What did surprise me was that the Federal Government had not been involved. Before the last election Prime Minister John Howard hand balled a few million to the Bulldogs from Footscray to improve their training facilities. Had the PM lost his touch? Perhaps Geelong had not sent him a track suit.

A quick bit of googling showed I should not have doubted. The State Labor Government was the johnny-come-lately with the sports lovers from Canberra having contributed to the Cats’ coffers last week. I had simply missed the announcement among the torrent of football reporting at the weekend.

Being the consummate team player, Mr Howard had brought Treasurer Peter Costello off the interchange bench to do the honours last Friday – just before Geelong won its way through to the grand final by beating Collingwood. Standing alongside the Geelong coach Mark Thompson at the MCG, the Treasurer announced a $14 million contribution to the total cost of $25 million.

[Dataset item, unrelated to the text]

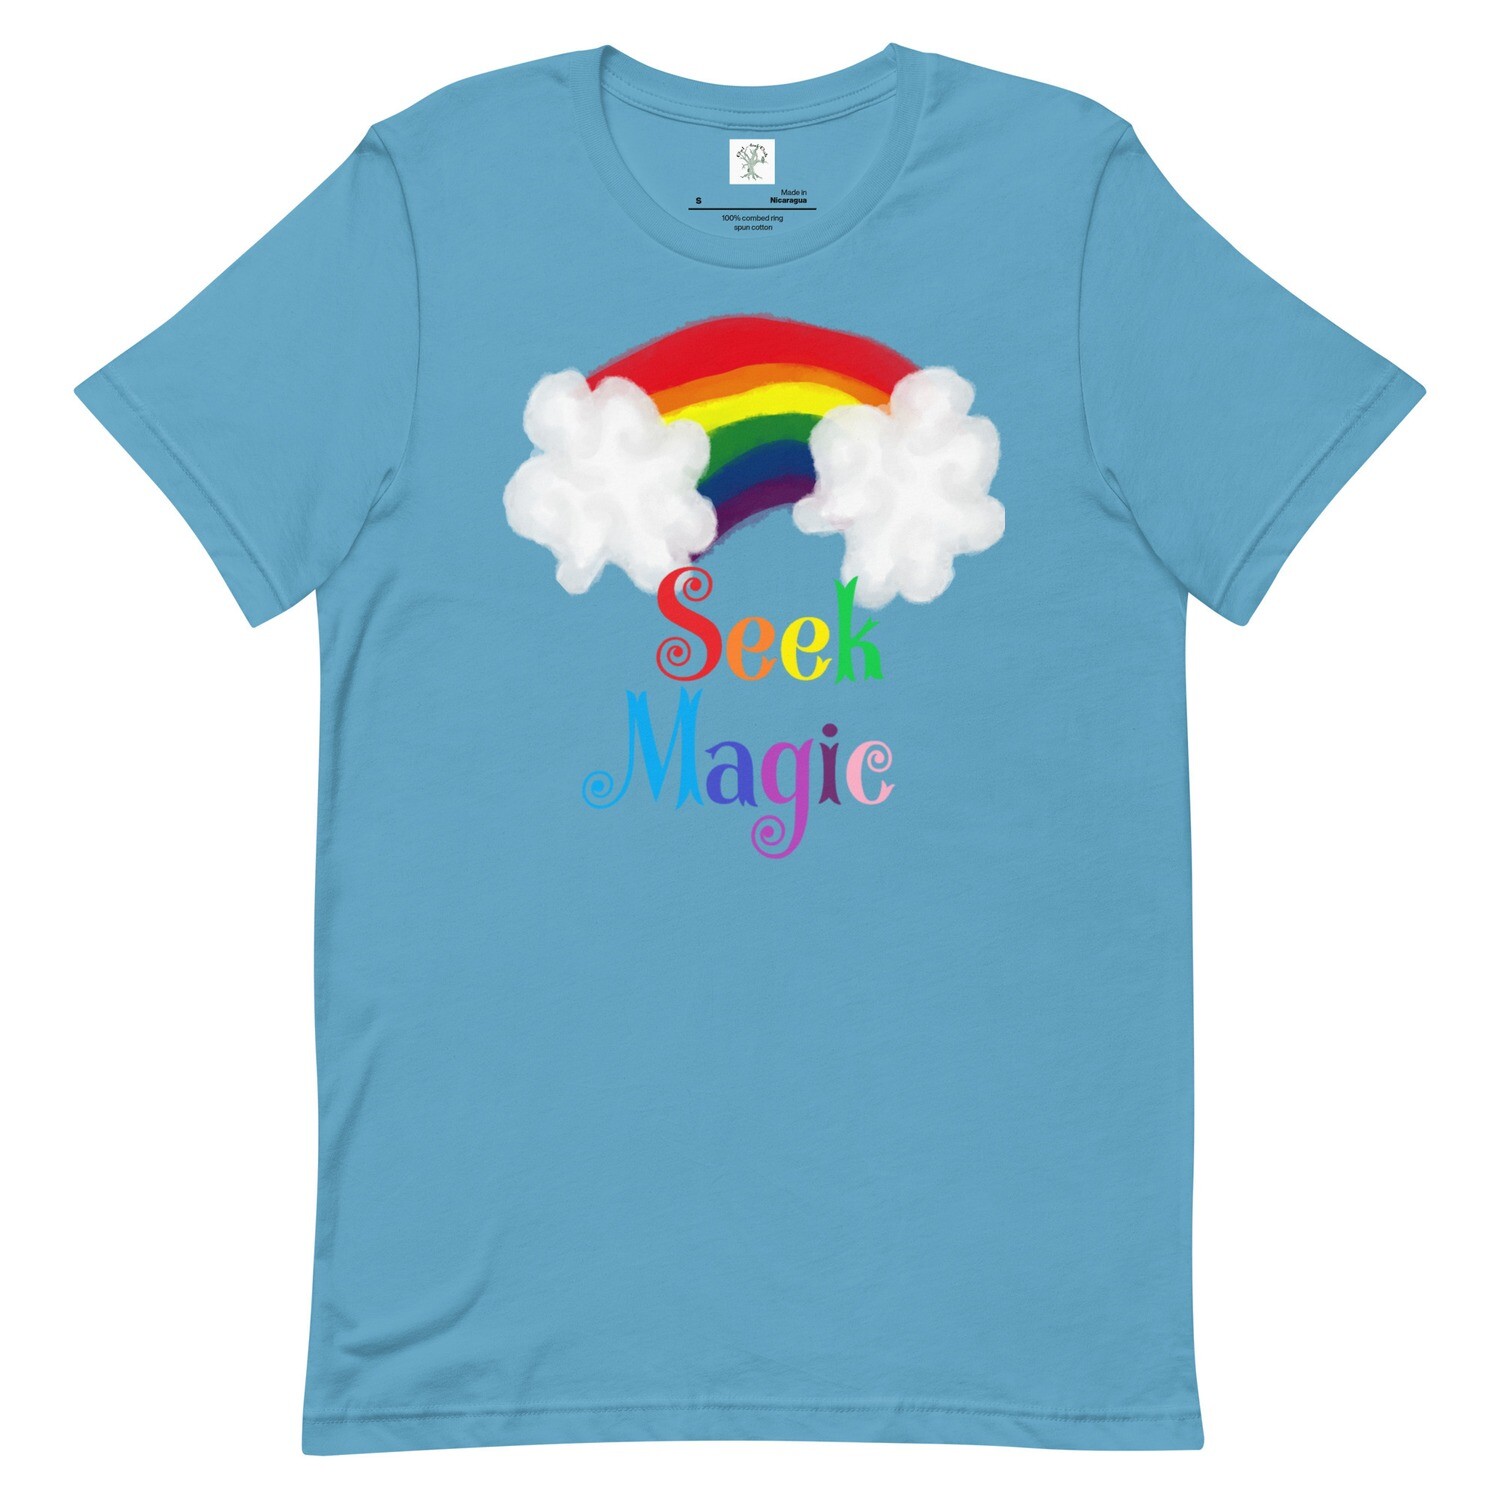 Seek Magic rainbow t-shirt

That the announcement did not get a big run in the Melbourne media perhaps was a deliberate ploy on Mr Costello’s part. A devoted Essendon fan he was probably more interested in helping to lure coach Thompson back to Windy Hill than celebrating improved training facilities for Geelong. Mr Costello, ever the politician, had, in any case, done the right thing by the Liberal candidate in the seat of Corio by earlier leaking the announcement to the Geelong Advertiser

Geelong Football Club president Frank Costa called it “a fairytale at the moment the way things are falling into place for us”.

“This is the result of very good planning by a lot of people down at the football club, such as Brian Cook, and we made our first approach to Canberra 12 months ago.”

Good timing indeed – right at the end of the electoral cycle when governments are free and easy with the money of taxpayers. In politics, as in football, timing is everything.